| WORK TASK |
With the images removed, return every line below exactly as it reads.

| DATA EXCERPT |
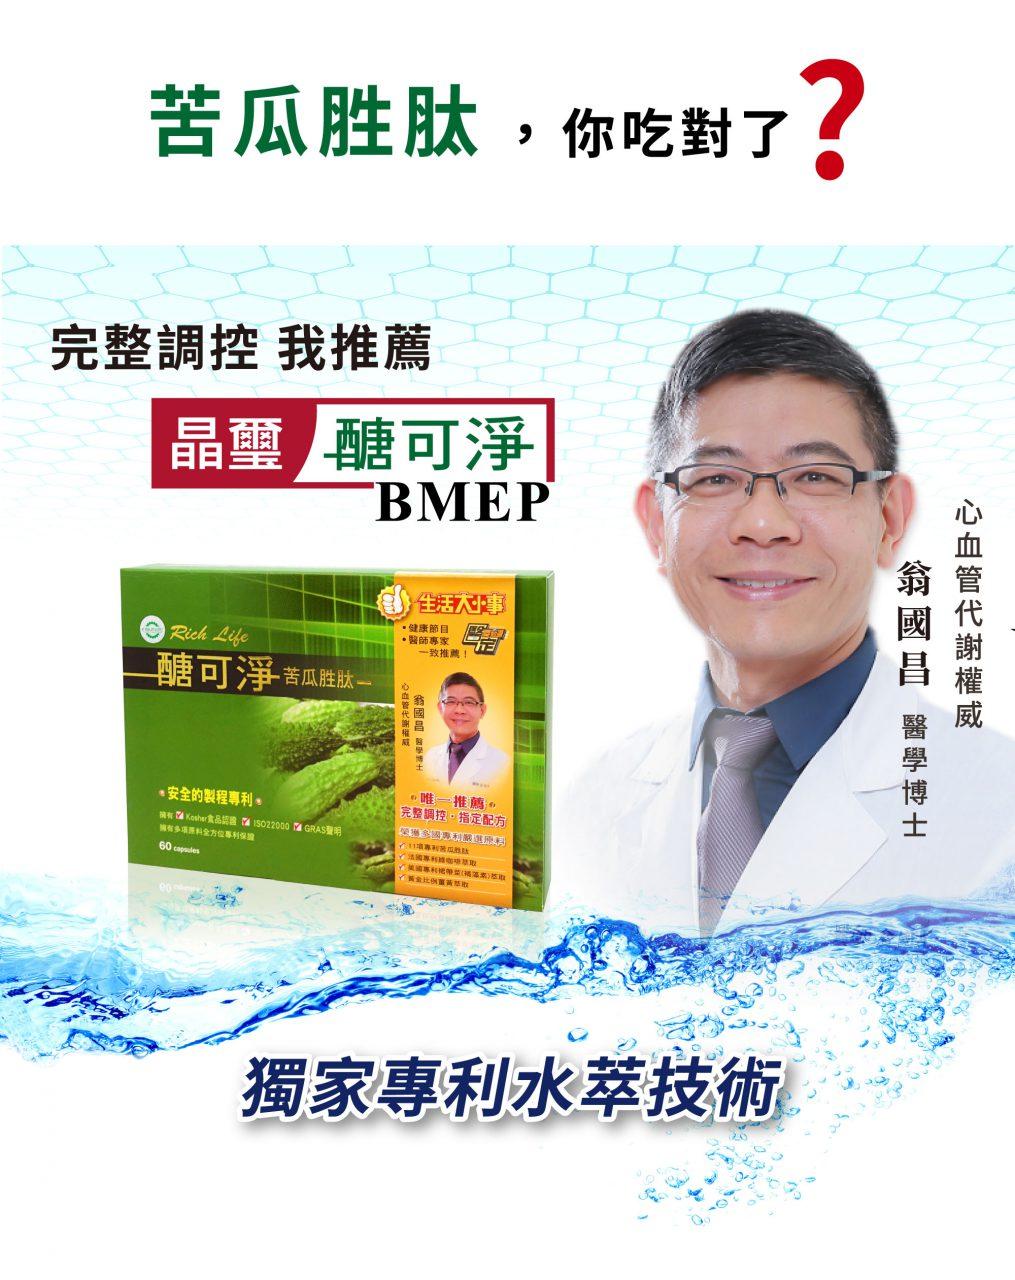 翁國昌唯一推薦,一減二增,完整調控,指定配方,苦瓜胜肽你吃對了嗎
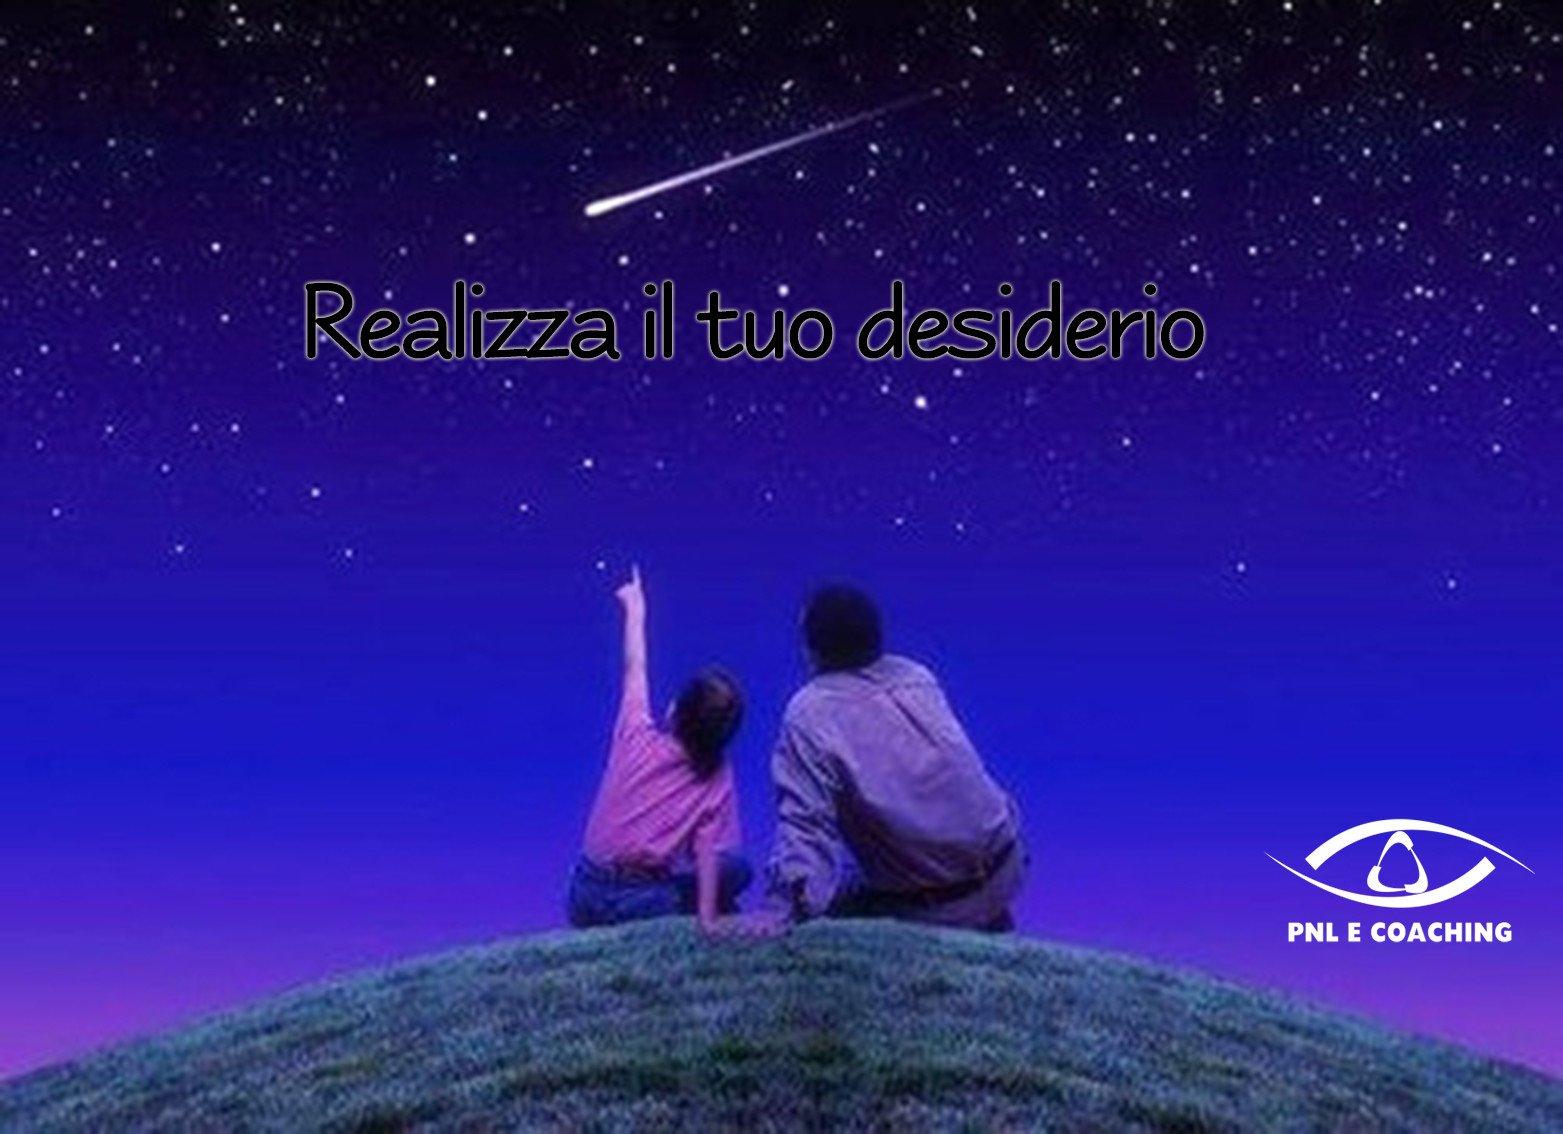 La-notte-dei-desideri-con-la-pnlecoaching
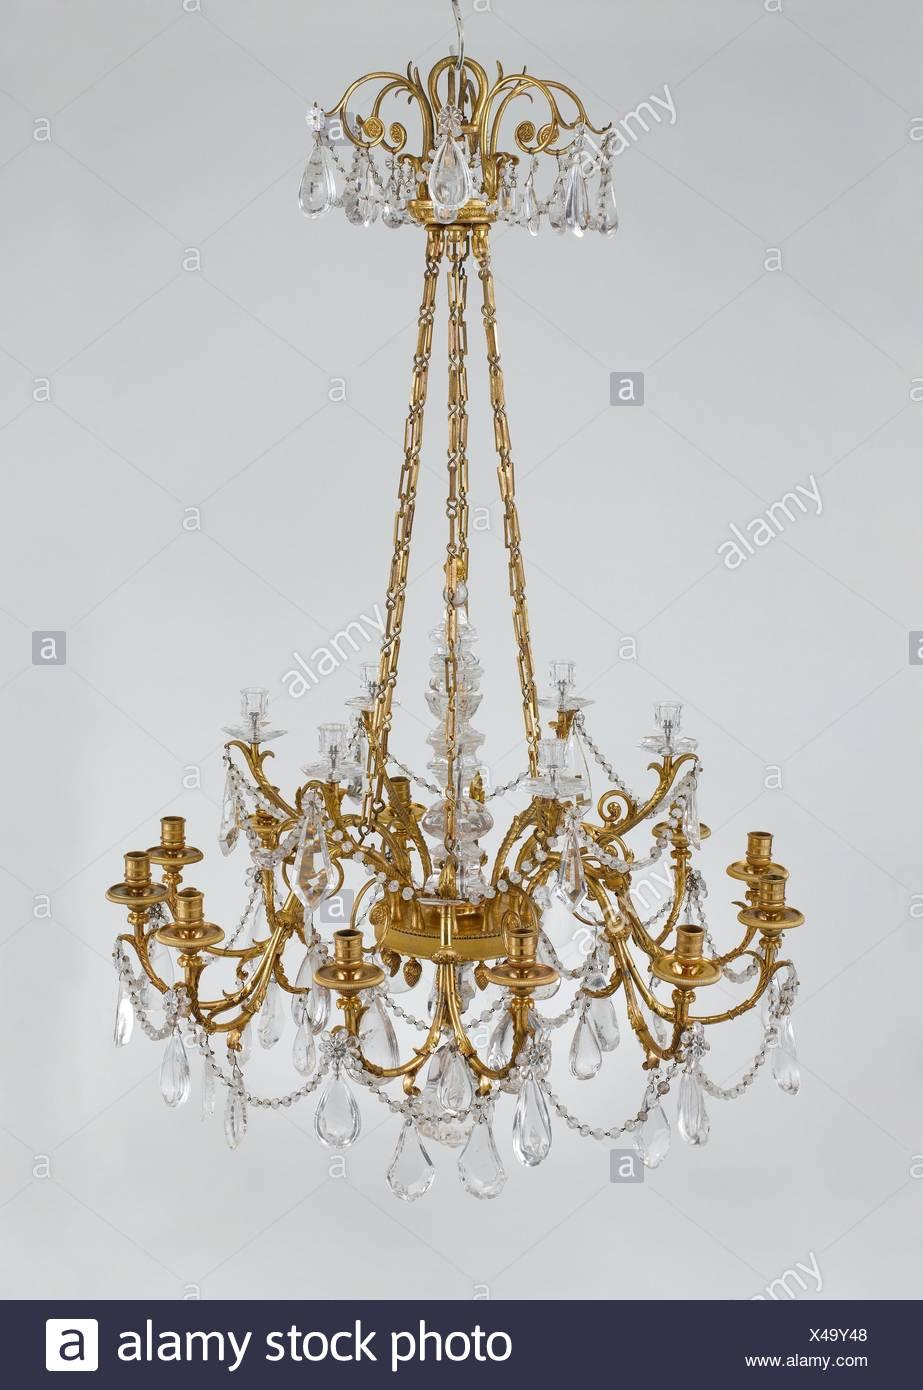 18 Licht Kronleuchter. Datum: Ca. 1790; Kultur: Französisch; Medium:  Vergoldeter Bronze, Bergkristall; Abmessungen: Höhe: 58 In. (147,3 Cm);  Durchmesser: 37
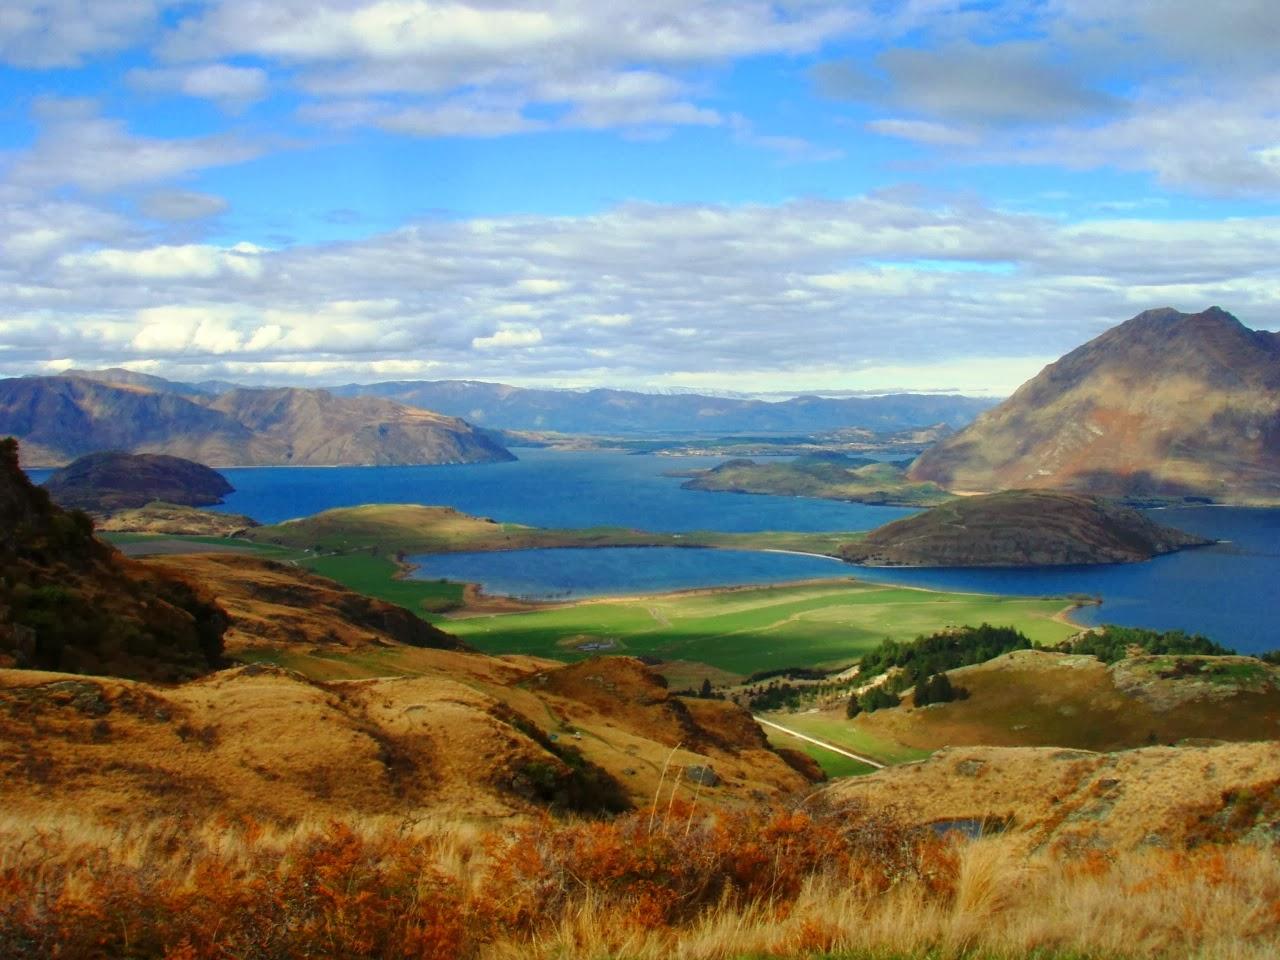 Wanaka New Zealand  city photos gallery : Wanaka New Zealand Tourists at Wanaka Can Easily and Conveniently Walk ...

| TASK ANSWER |
 翁國昌唯一推薦,一減二增,完整調控,指定配方,苦瓜胜肽你吃對了嗎
 La-notte-dei-desideri-con-la-pnlecoaching
 18 Licht Kronleuchter. Datum: Ca. 1790; Kultur: Französisch; Medium:  Vergoldeter Bronze, Bergkristall; Abmessungen: Höhe: 58 In. (147,3 Cm);  Durchmesser: 37
 Wanaka New Zealand  city photos gallery : Wanaka New Zealand Tourists at Wanaka Can Easily and Conveniently Walk ...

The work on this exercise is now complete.